Flooding and standing water on a lawn create havoc and destruction, and it often takes a lot of time and effort to repair a lawn after flooding occurs. The intense weather patterns around the United States have recently showcased some disturbing tendencies toward flooding. It's vital for home owners in rainy areas to know what to do if they get a flooded lawn.

Letting the Lawn Rest

Although it might be tempting to go out onto the lawn when it's still freshly drained to try and try things off with a blower of some kind, it's best to let the lawn rest and dry for a short time. Wet grass is vulnerable grass, and it's easy to destroy the lawn's fragile grass blades with activity too soon after flooding. Allowing a lawn to rest and dry safely means keeping everyone off the lawn while it drains and dries. This means parents, kids, and pets each need to stay away from the lawn.

Removing Excess Dirt

It's common for a recently dried lawn to have a layer of sediment on it (or silt as it's commonly called in the lawn care industry). Removing the dirt or silt is important because the grass might suffocate under the weight of the dirt.
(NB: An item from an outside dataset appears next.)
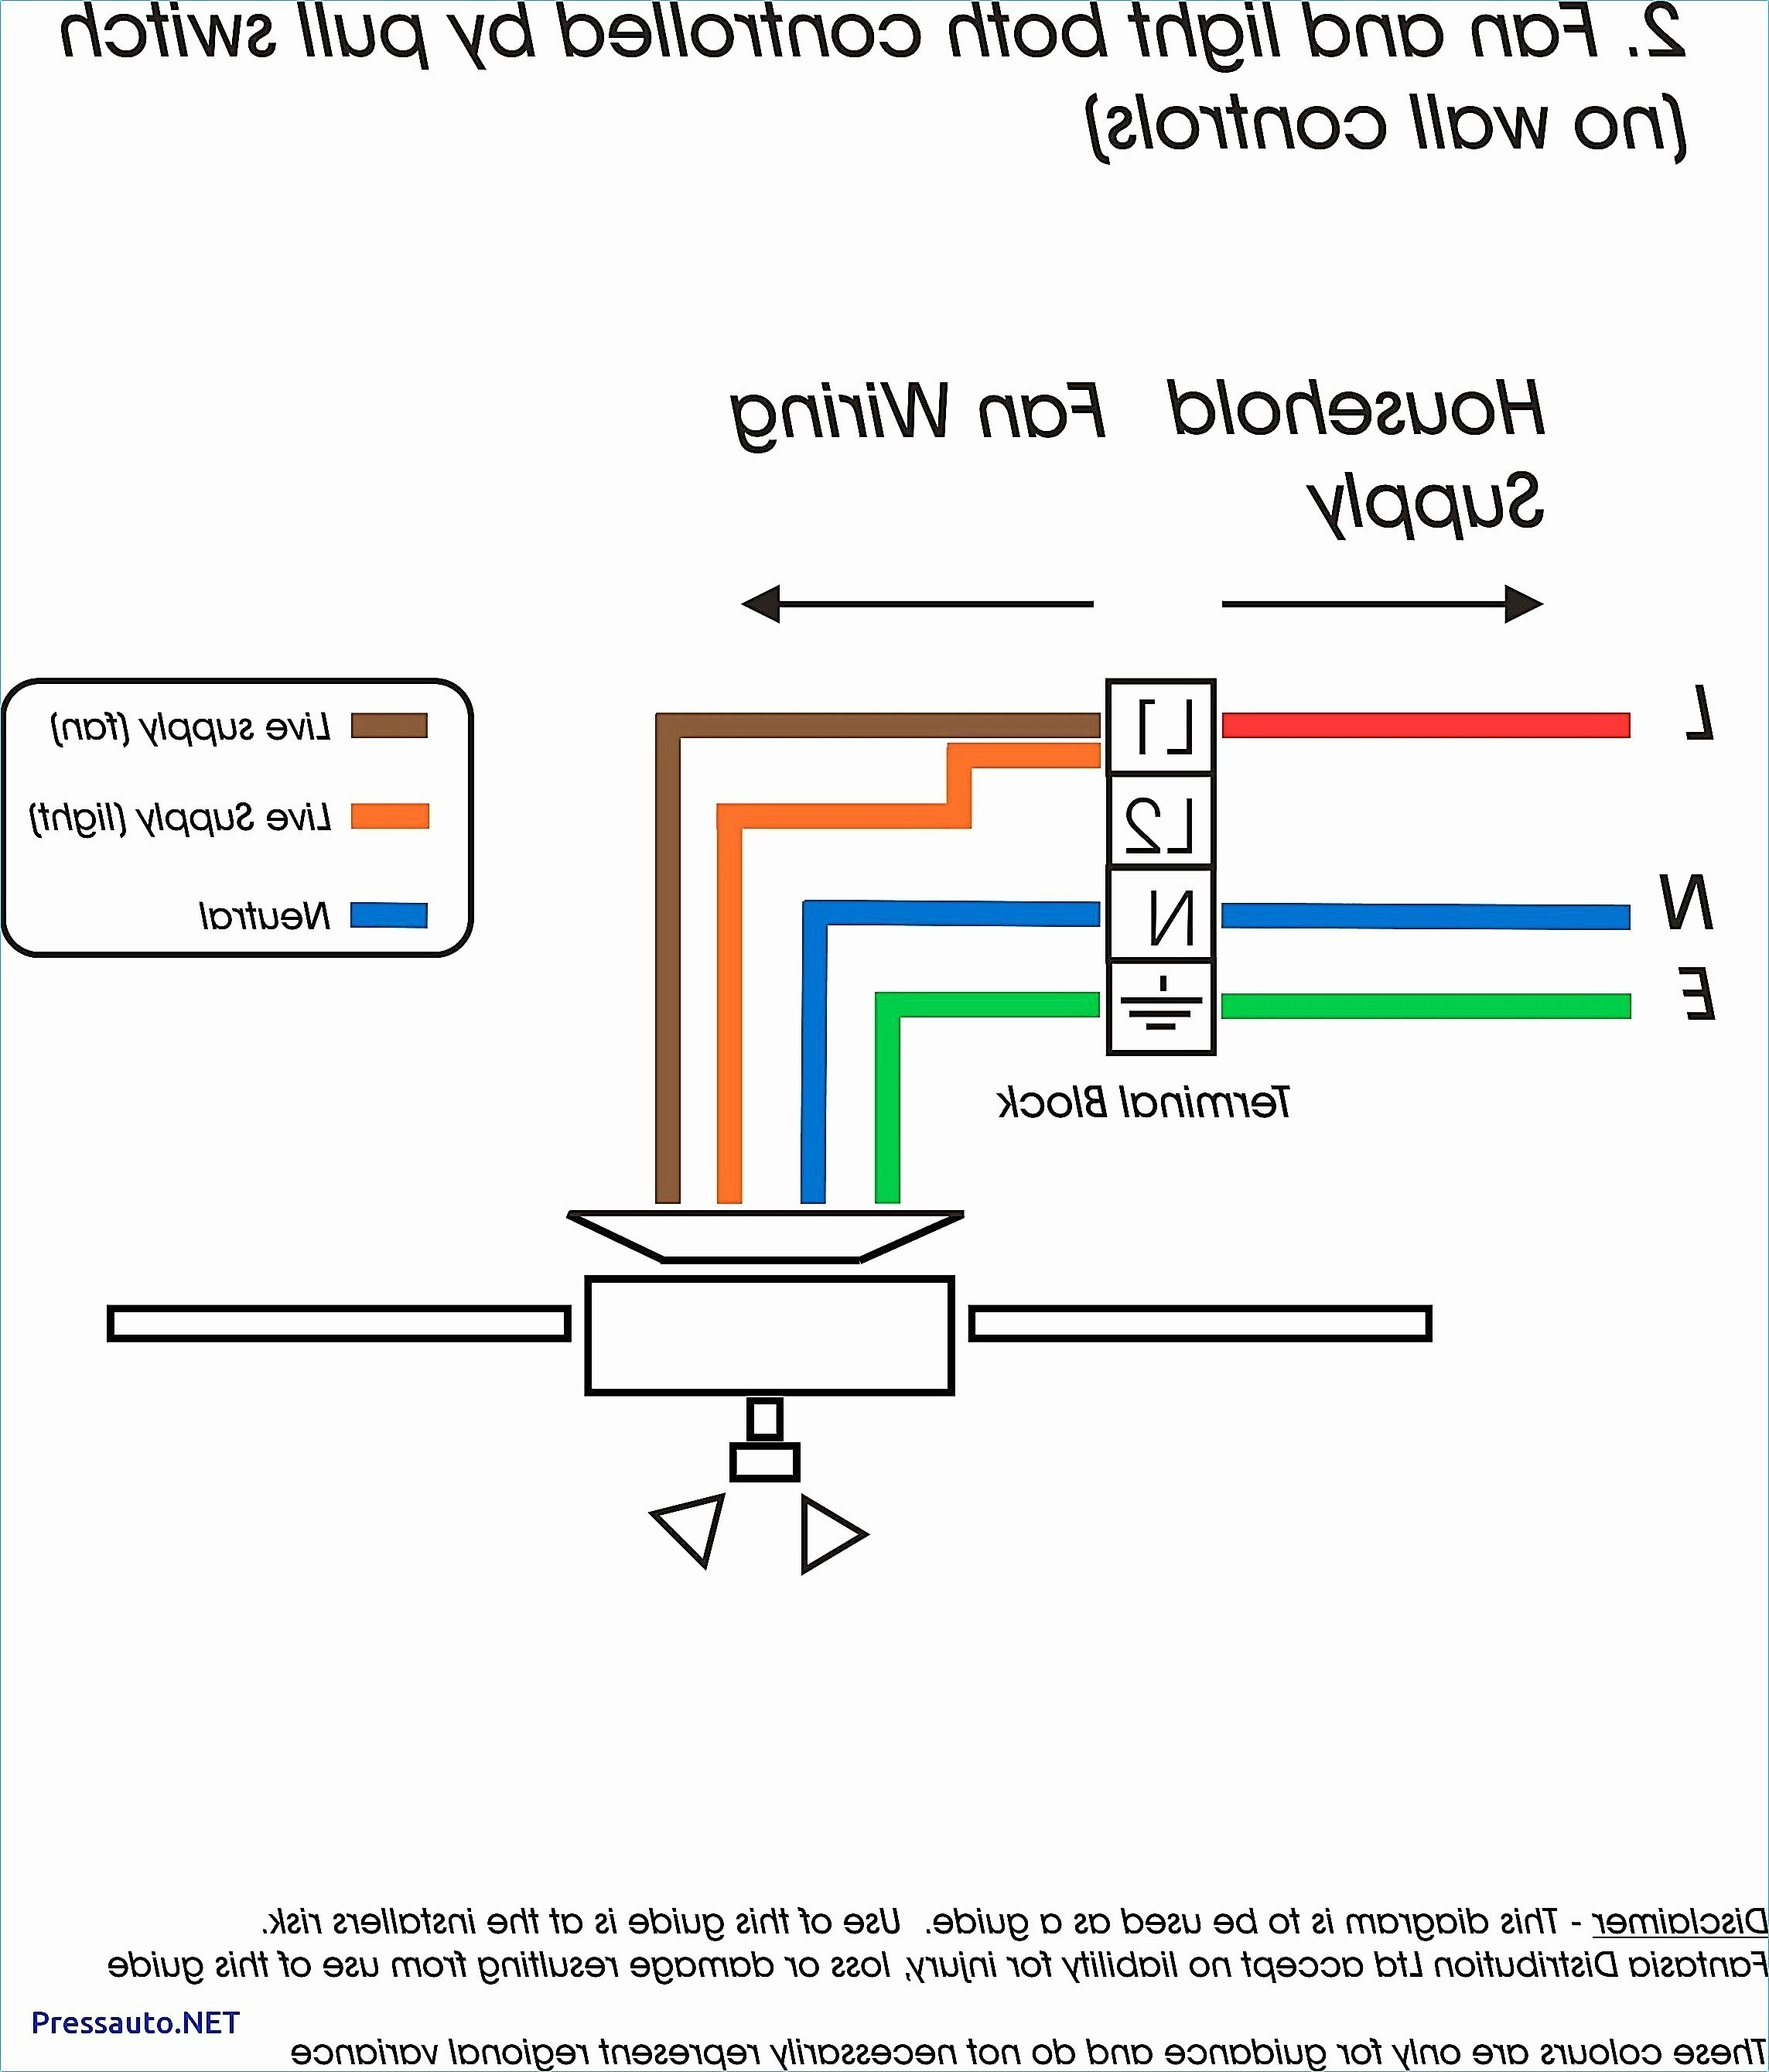 murray switch wiring wire center \u2022 murphy switch wiring diagram 518ph12 murray lawn mower ignition switch wiring diagram wiring diagram image rh mainetreasurechest com basic switch wiring murphy switch wiring manual shut off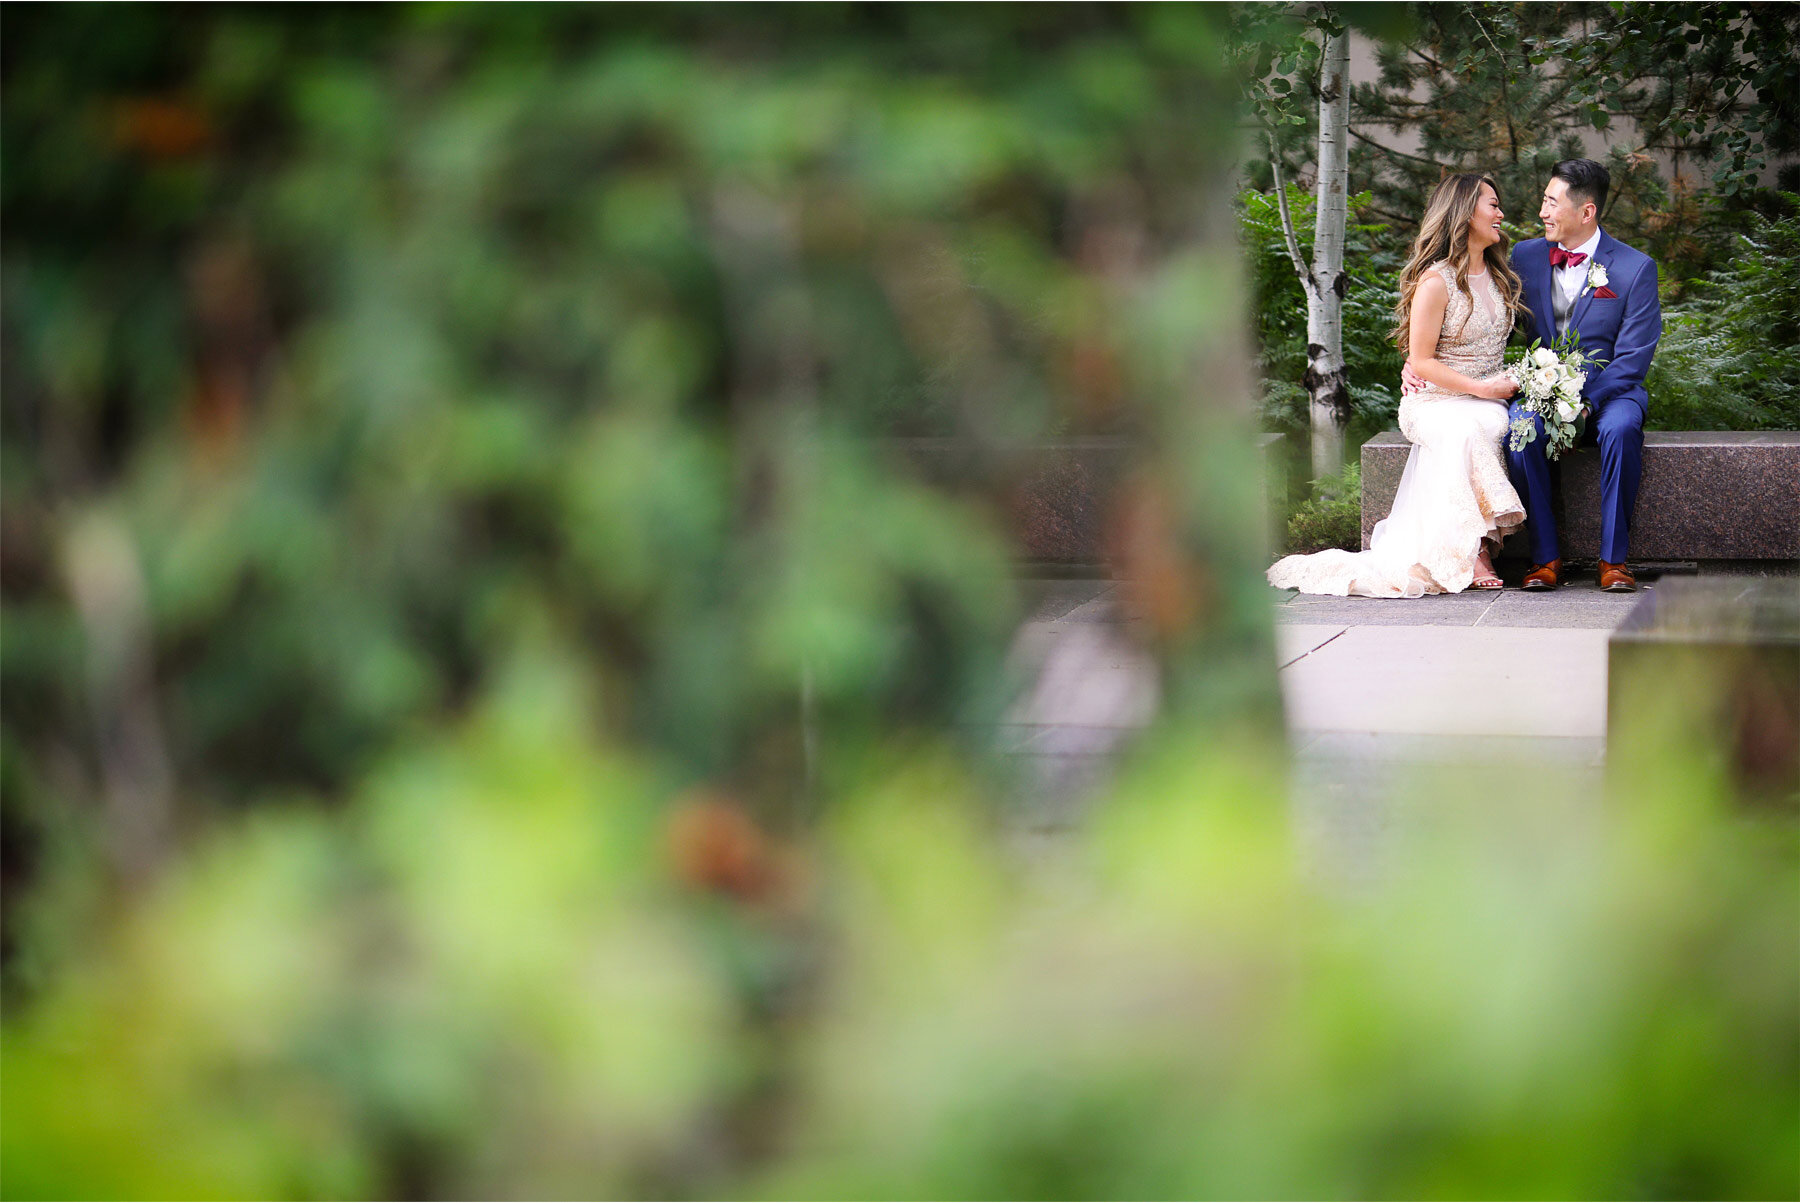 11-Vick-Photography-Minneapolis-Minnesota-Park-Garden-Bride-Groom-Mai-&-Ross.jpg

Sometimes the debris and dirt can be removed with a hearty raking while other heavy coverings might kill the lawn completely and require new sod. This project might be difficult for an individual home owner to accomplish. Looking up the number of a local professional lawn care company will offer a lot of time saved in the lawn restoration.

Aerating the Lawn

After the winter,  it's common to aerate the lawn and ensure that the soil isn't too packed down that it crushes grass growth. A similar project might be necessary after a flooded lawn. The soil around the roots of the grass can be loosened with an aerator. This process might need to happen more than once to ensure that the soil offers suitable breathing room for grass roots to grow.

Feeding the Lawn

Water may wash away the important topsoil where nutrients and fertilizer rest. Replacing the healthy elements of the soil with new fertilizer is a good idea to keep the lawn healthy as it recovers. Feeding the lawn will also shorten the time it takes the lawn to grow back and recover from the flooding. If a lawn has any more than a few inches of water during the flooding, it's likely that most of the nutrients from the soil will have been washed away during the drying out of the yard.

Having Patience with Lawn Care

Just like any other lawn project, recovering from a flooded lawn takes time and patience of the home owner. Trying to hurry the process of returning the lawn to a healthy state will only make it more difficult to get everything growing properly. Full lawn recovery may take months after a severe flood.